→ Required action
It would help if you retyped the data exactly, leaving out the pictures.

→ Exercise data
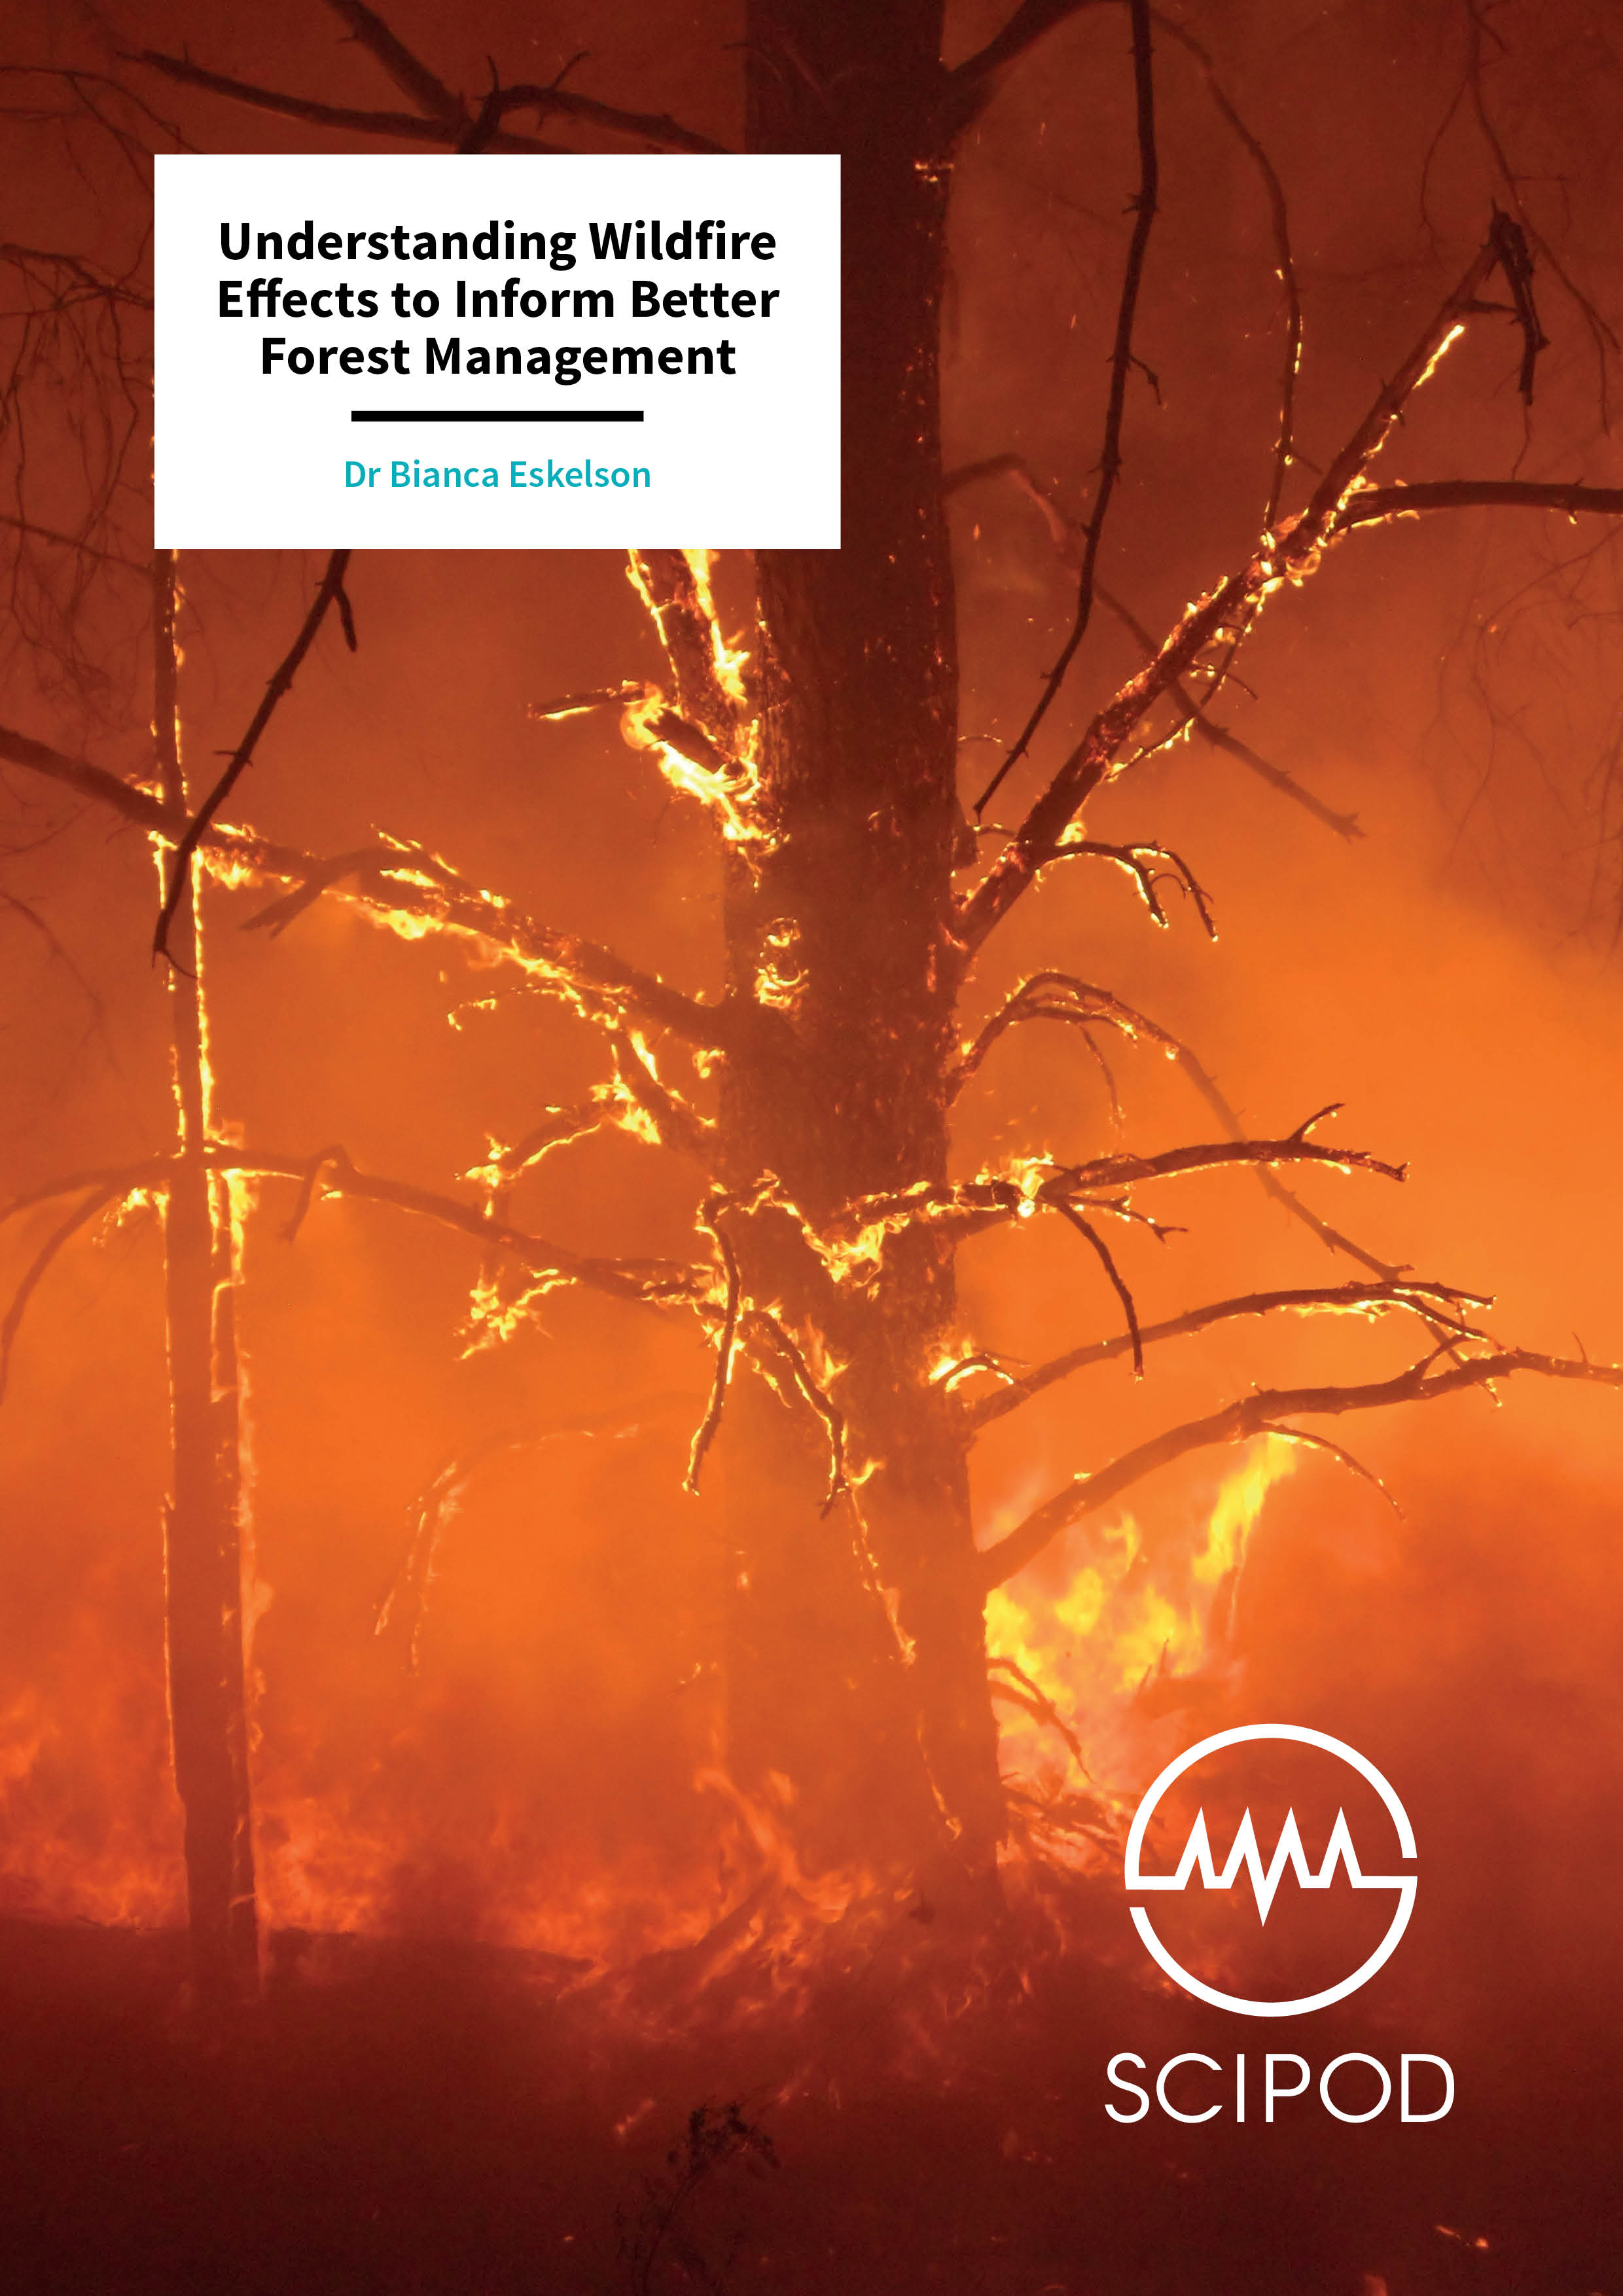 Understanding Wildfire Effects to Inform Better Forest Management – Dr Bianca Eskelson, University of British Columbia
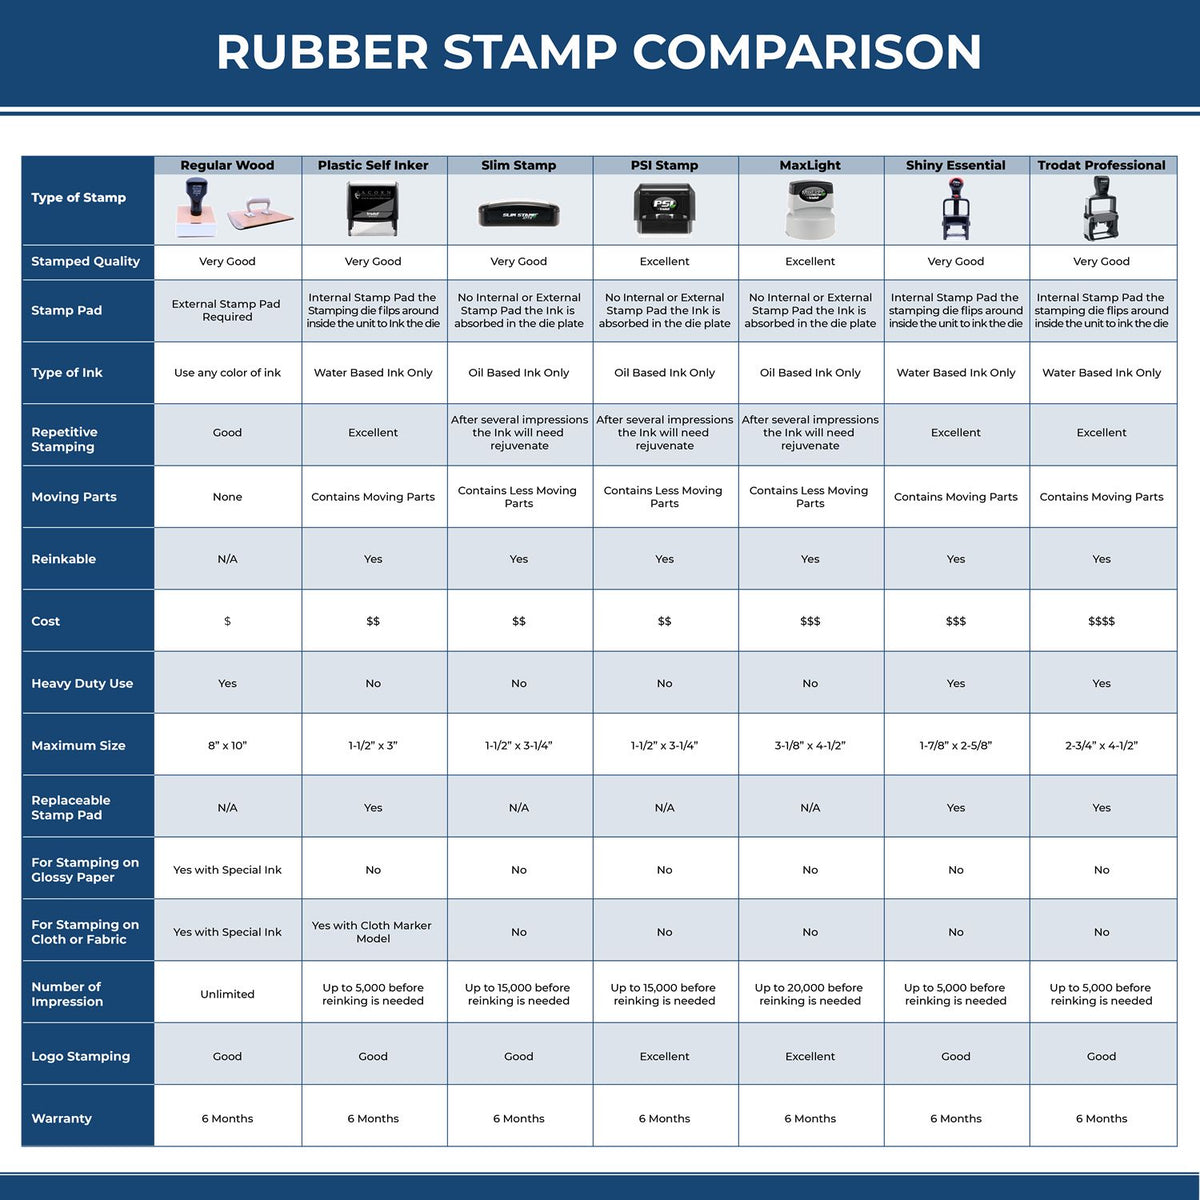 A comparison chart for the different types of mount models available for the California Professional Engineer Seal Stamp.
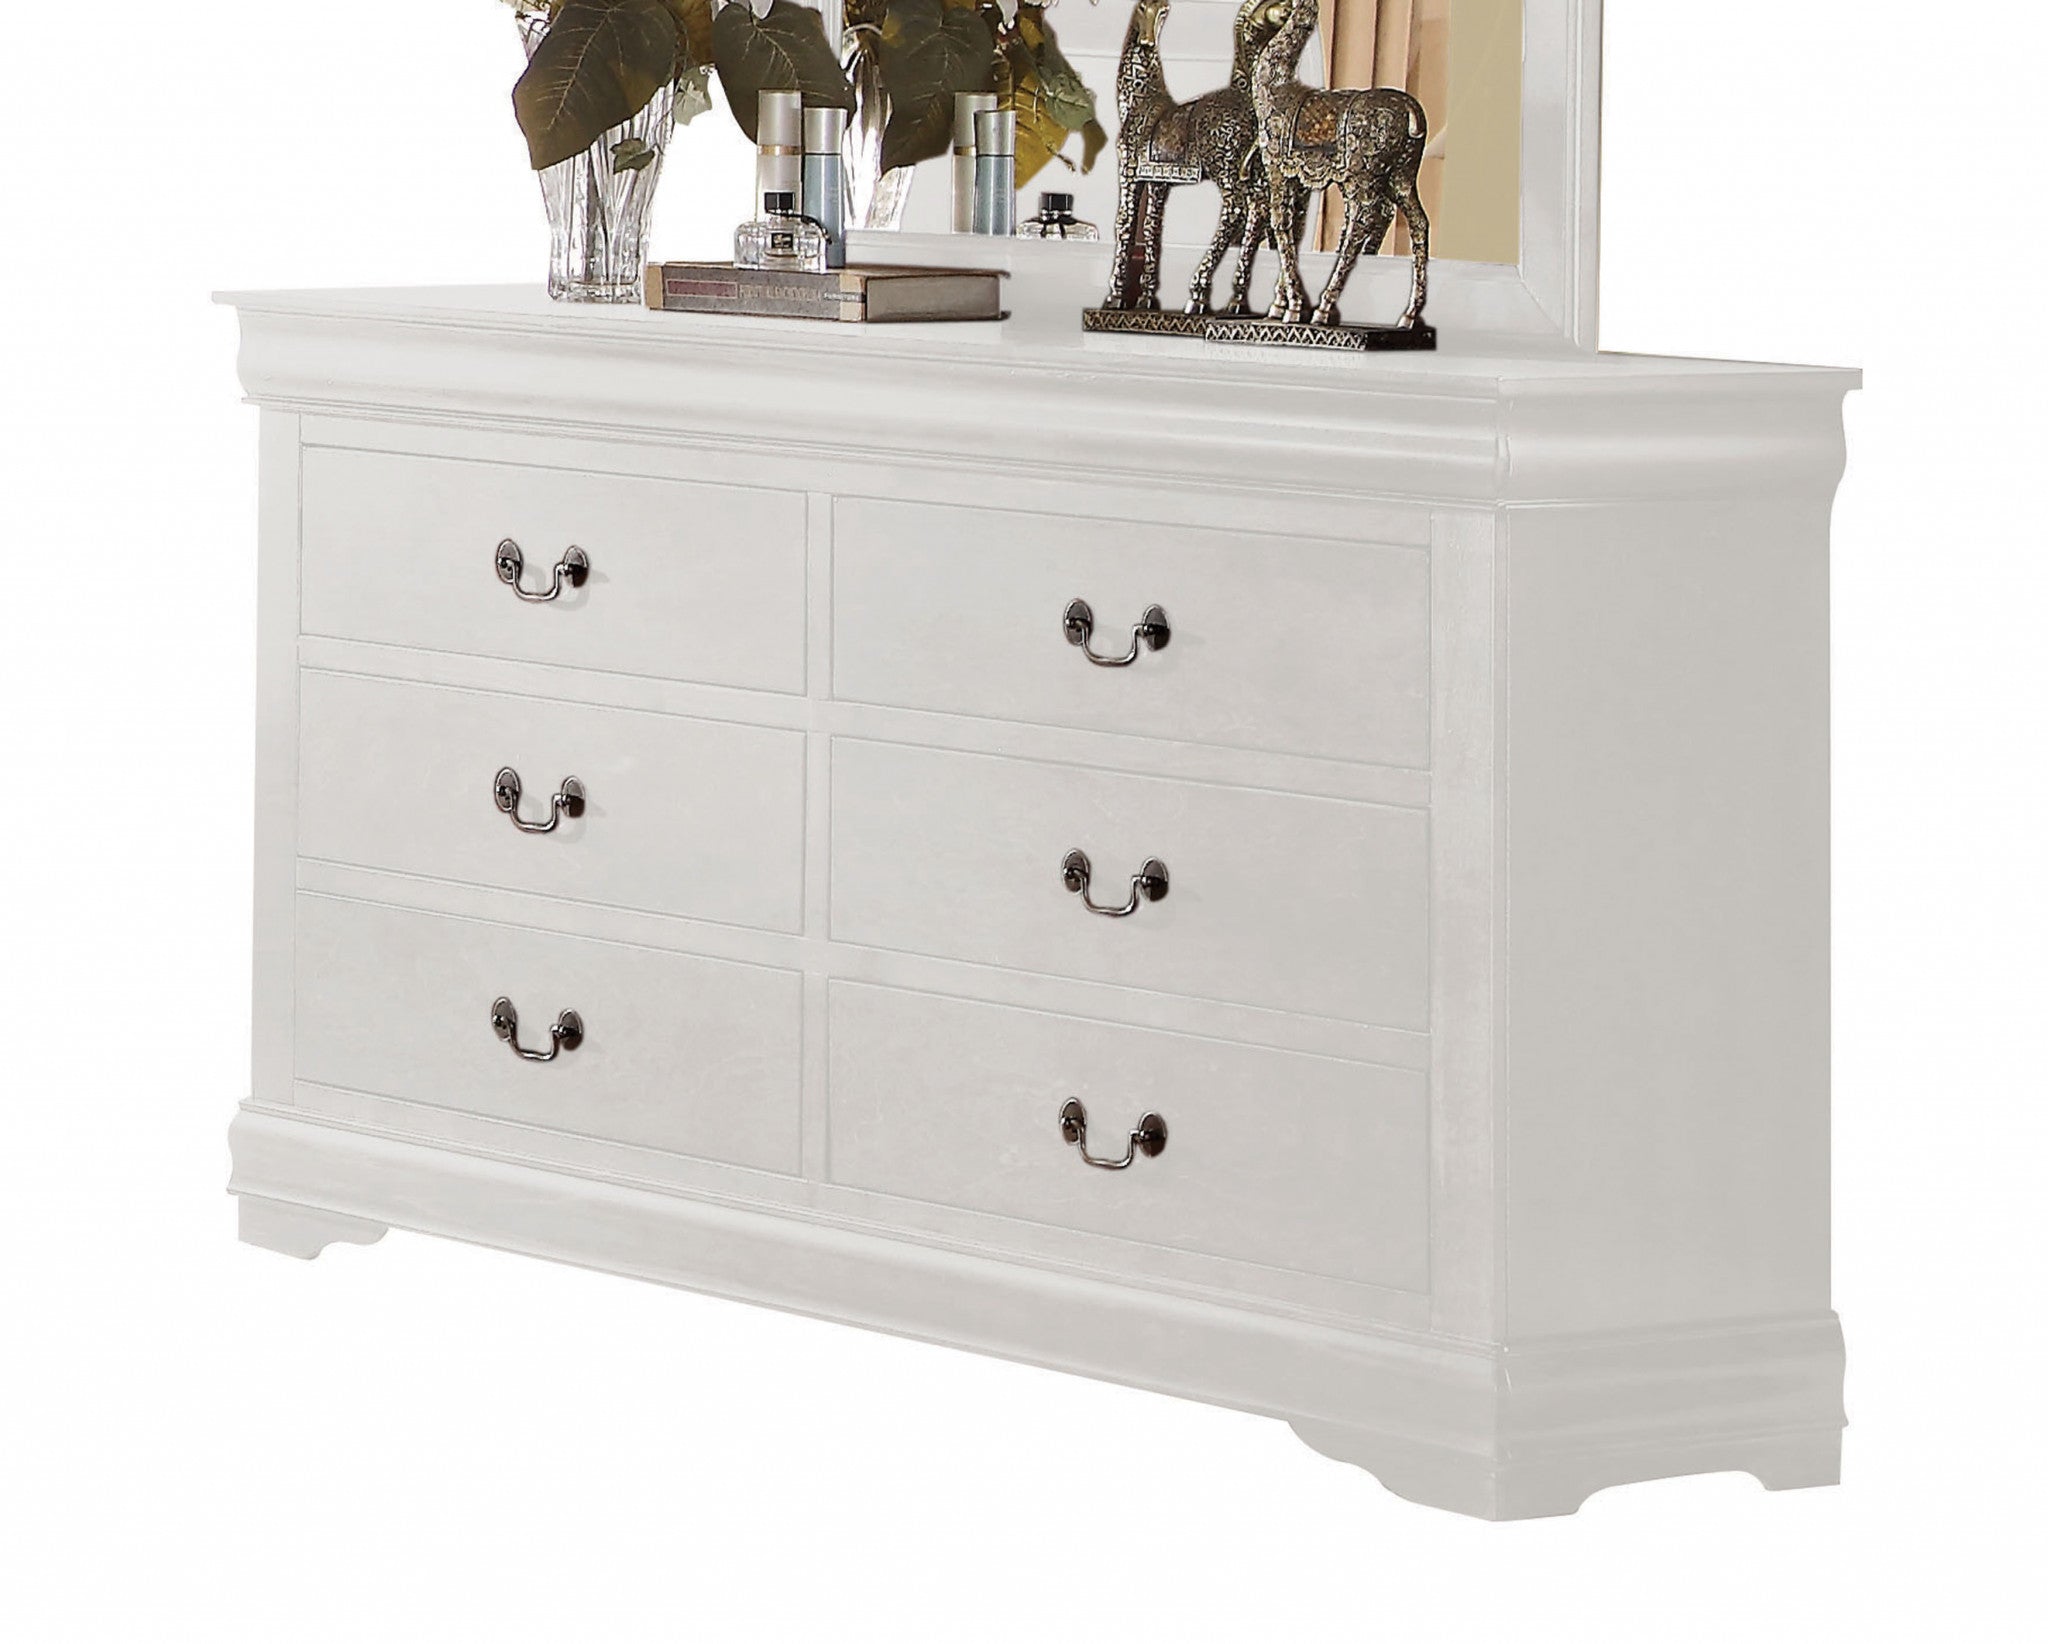 57" White Solid Wood Six Drawer Double Dresser Default Title

→ Result of this task
 Understanding Wildfire Effects to Inform Better Forest Management – Dr Bianca Eskelson, University of British Columbia
 A comparison chart for the different types of mount models available for the California Professional Engineer Seal Stamp.
 57" White Solid Wood Six Drawer Double Dresser Default Title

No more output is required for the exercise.